The last point goes with that above. The discussion about the Sensors/readout-points. I want to point out I'm not having any qualified knowledge or education about this subject per se. But it's actually simple logic - the nearer you get with the sensors to where energy transfers to heat, the higher read out you will get. So simple enough right ? - as mentioned above if other cards have architectures and within those, Sensors that are related/derivative/similar, one could compare. But how can anybody compare readouts of different sensors at different "places". in short: The higher the "delta" btw. the "near-core" temperatures in respect to the package temperature - the better.
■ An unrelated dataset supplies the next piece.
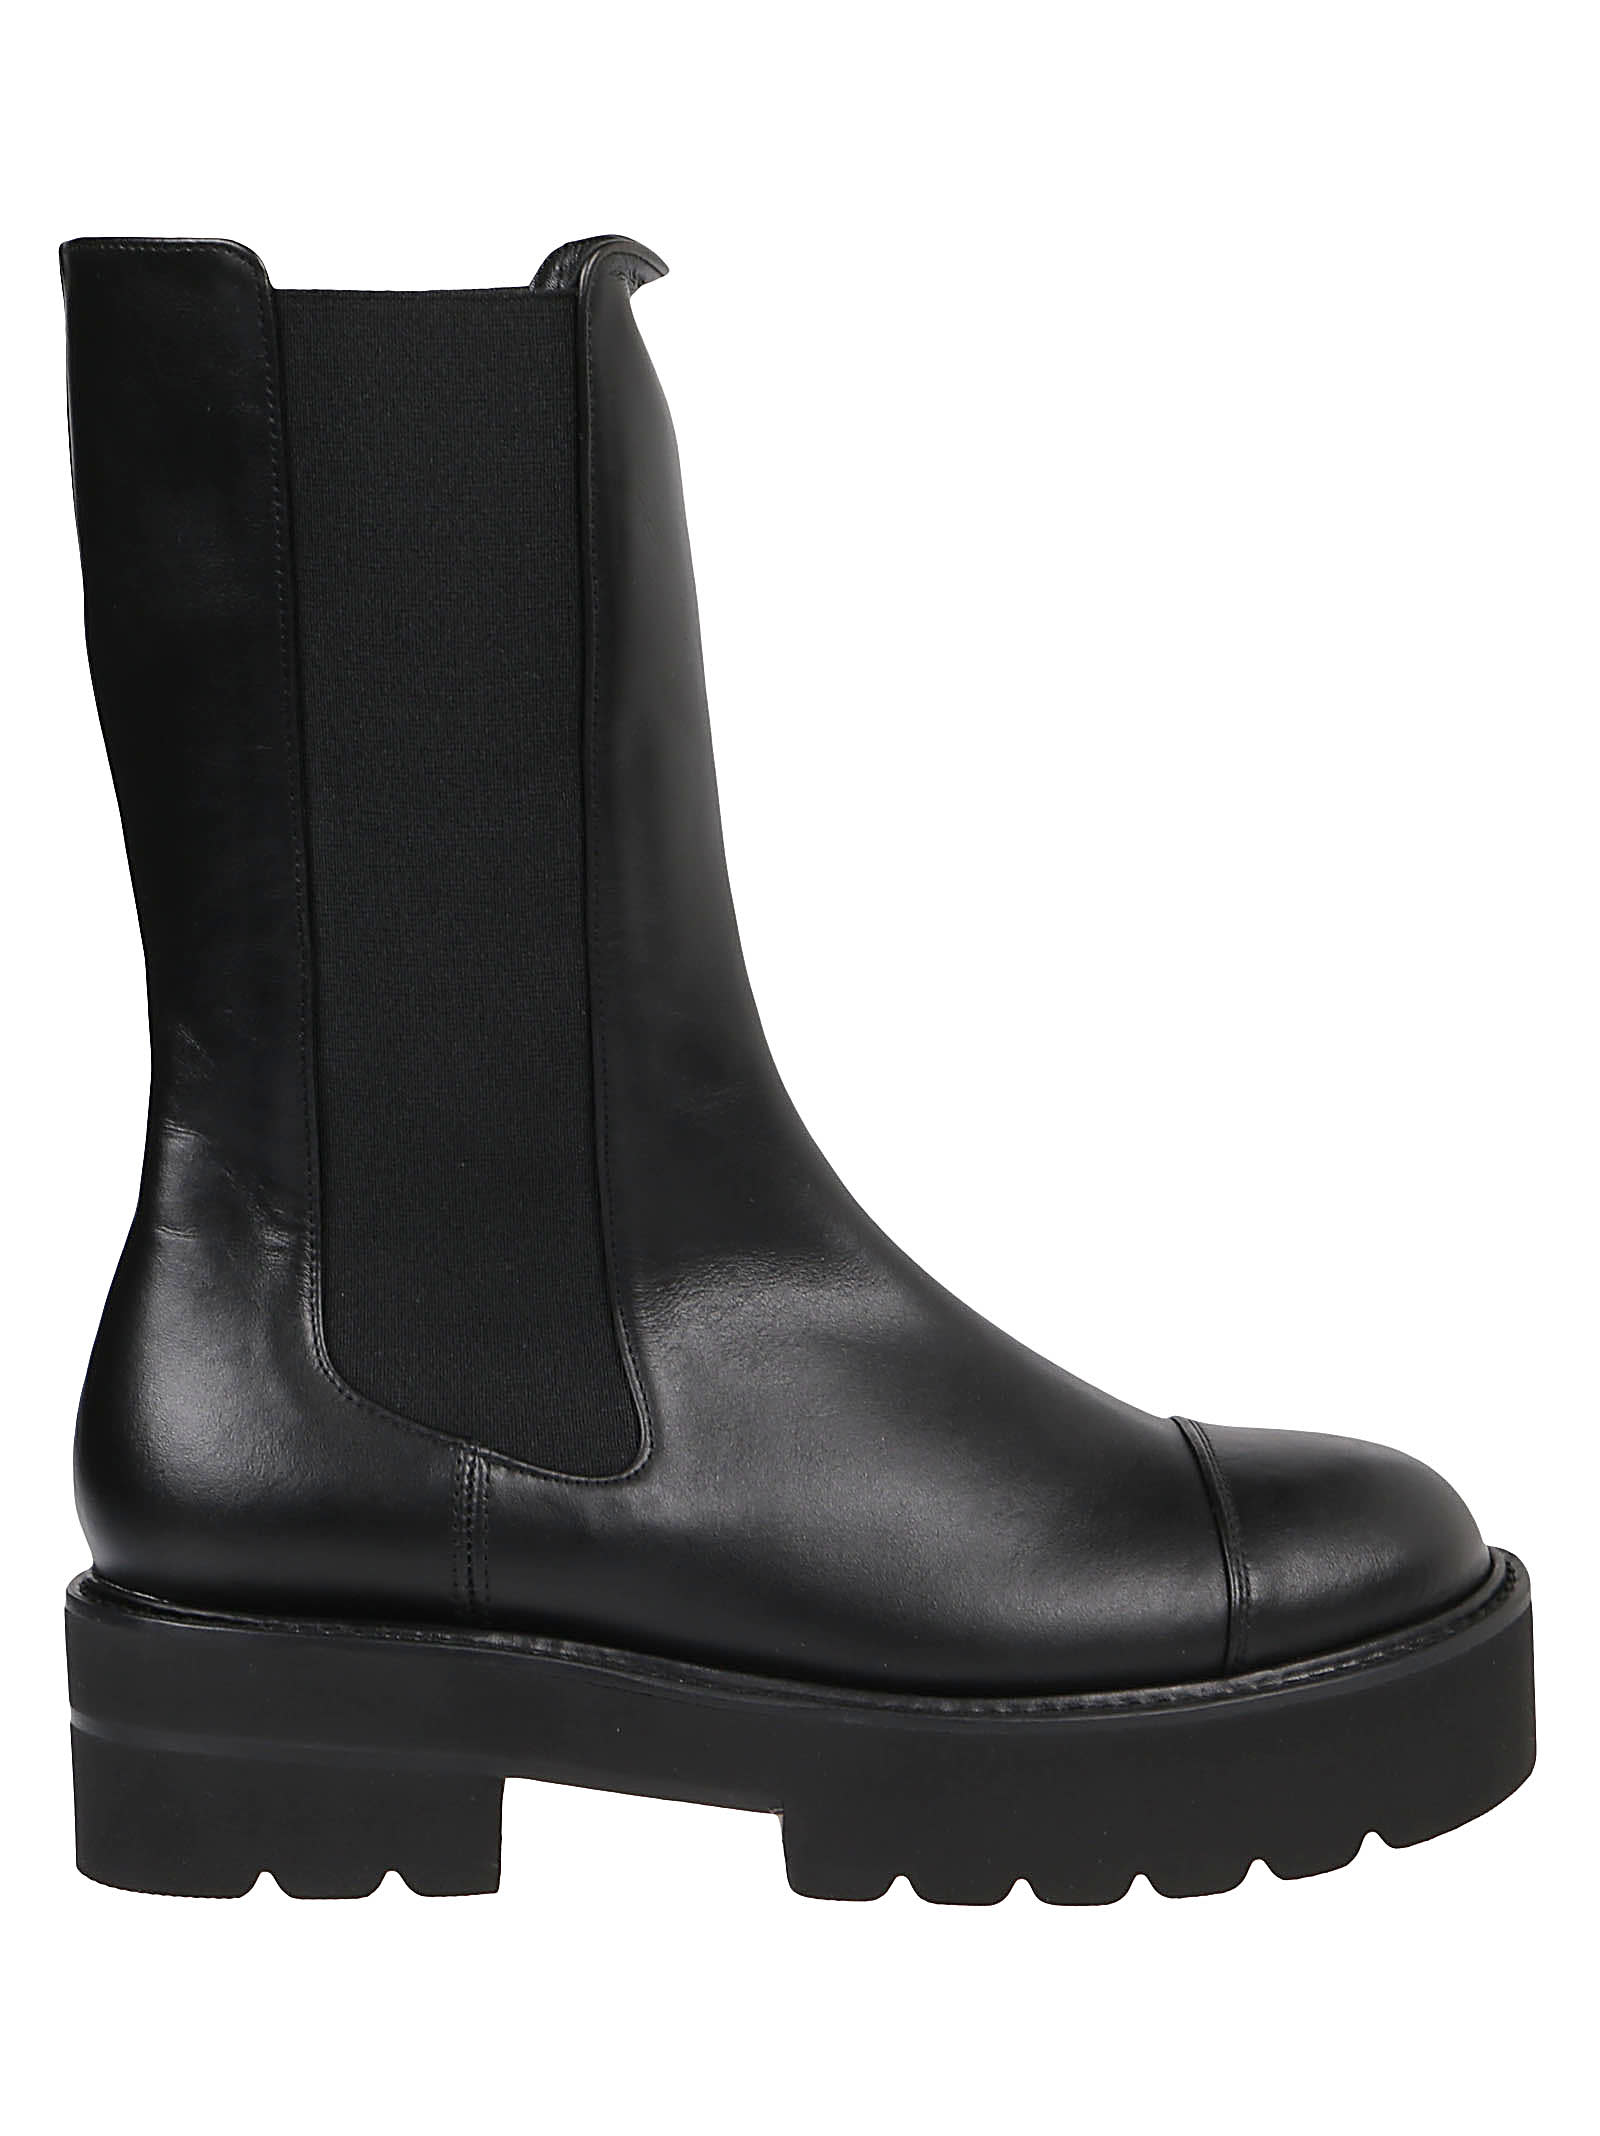 Buy Stuart Weitzman Presley Ultralift Boots online, shop Stuart Weitzman shoes with free shipping

With AMDs sensors/sensorplacement and their readouts. users possess more detailed info of heat generation and travel.
So from that what I've read from the posts before and according what I've put together above - the VII (at least) have more accurate readouts.
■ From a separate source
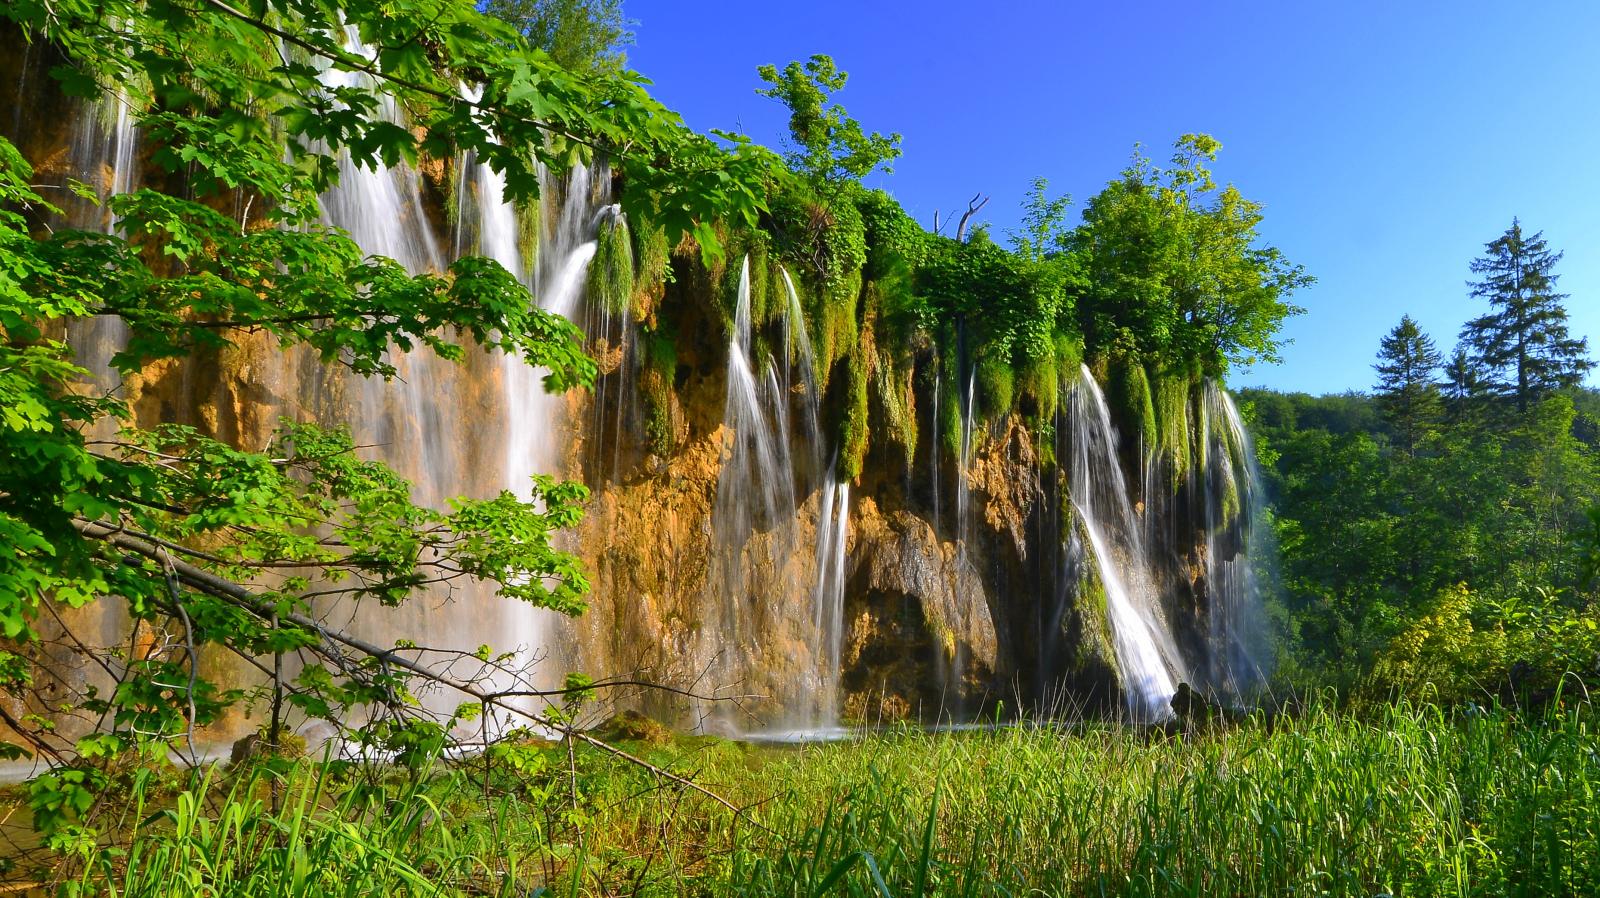 How to Get to Plitvice Lakes National Park from Zagreb, Split & Dubrovnik

And finally, our concern is the Package Temp - the rest, one should check every now and then to have a healthy card.
And finally about buying a GPU and wanting to keep it ... 3-4 even 7 years some had written.
BS - if we talk here about high-end cards, it's very simple for 90% of us the life span is 1-2 years for 5% 0.5-1year and 5% max 3 year. Any GPU you buy now (except for the Titans&Co. - maybe) is in 3 years good enough for your 8-9 year old brother to play minecraft .... that's fact - the ones complaining/worrying and making romantic comments like wanting to keep them 7 years and .... so on. My answer is - then keep them. have fun. And make your self busy in complaining and being toxic about the cards that the became slower then when you had purchased them. ( headshake* - people who write crap like that and sadly think like that they need and always will need to something to complain about, fight about - it's not an issue of knowledge or even opinion. It's and issue of character....
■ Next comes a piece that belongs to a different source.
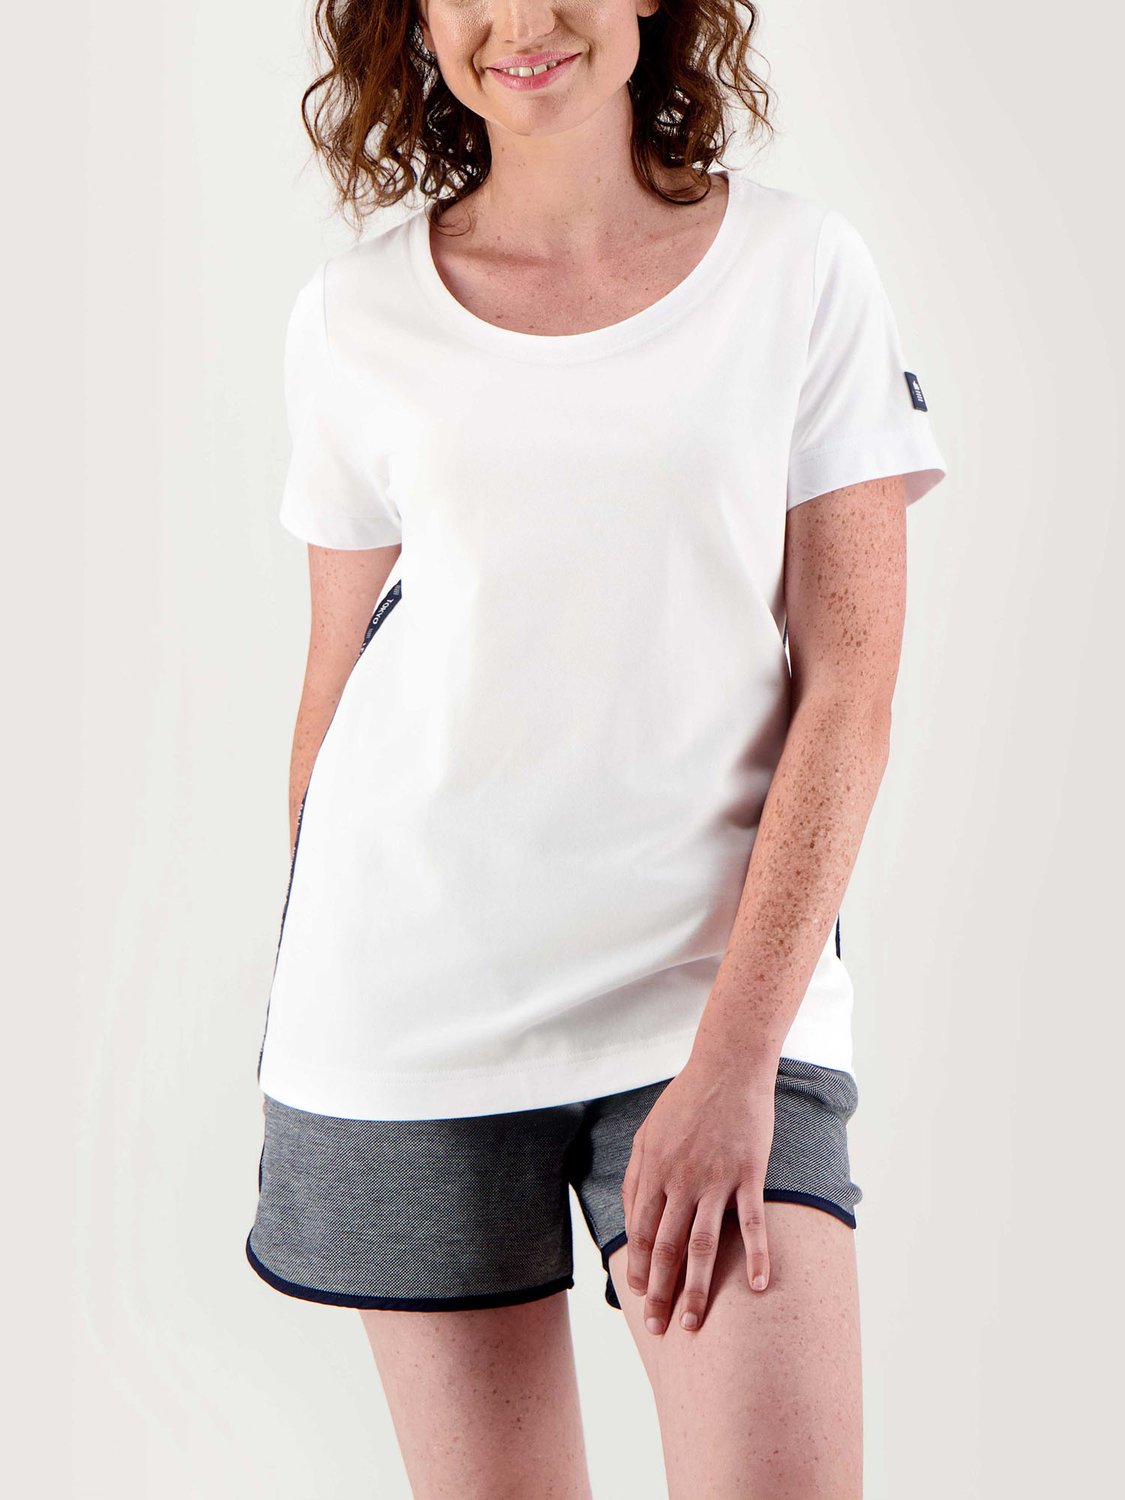 Tee Shirt Femme Pratique Sportive Blanc

Finally I bought last year 1.Q a Strix 1080Ti (before 2x Saphire RX 550+ nitro+ SE in Crossfire) - 2 days later went then to buy the VII - why ? I got the LG 43" monitor centered and 2 AOC monitors left&right in portrait orientation. And I realized .... the Multimonitor Software of AMD is better then Nvidias ... cuz it doesn't support it - so because of AMDs "Radeon Adrenalin" app it was a simple decision - and until today I've not regreted it nor had any issues with it 'til today.
People seem to have a really hard time understanding that the closer to the transistors you put a temperature sensor, the hotter it's going to be. If you could measure the temperature inside a transistor gate, I'm sure it would be even higher. This is why temperature limits for the junction is different than the limits for the edge.
If temperatures are within spec and it maintains them, who cares? It literally means that this is the range that AMD certifies their hardware good at. I'd be more concerned if it was regularly exceeding the spec.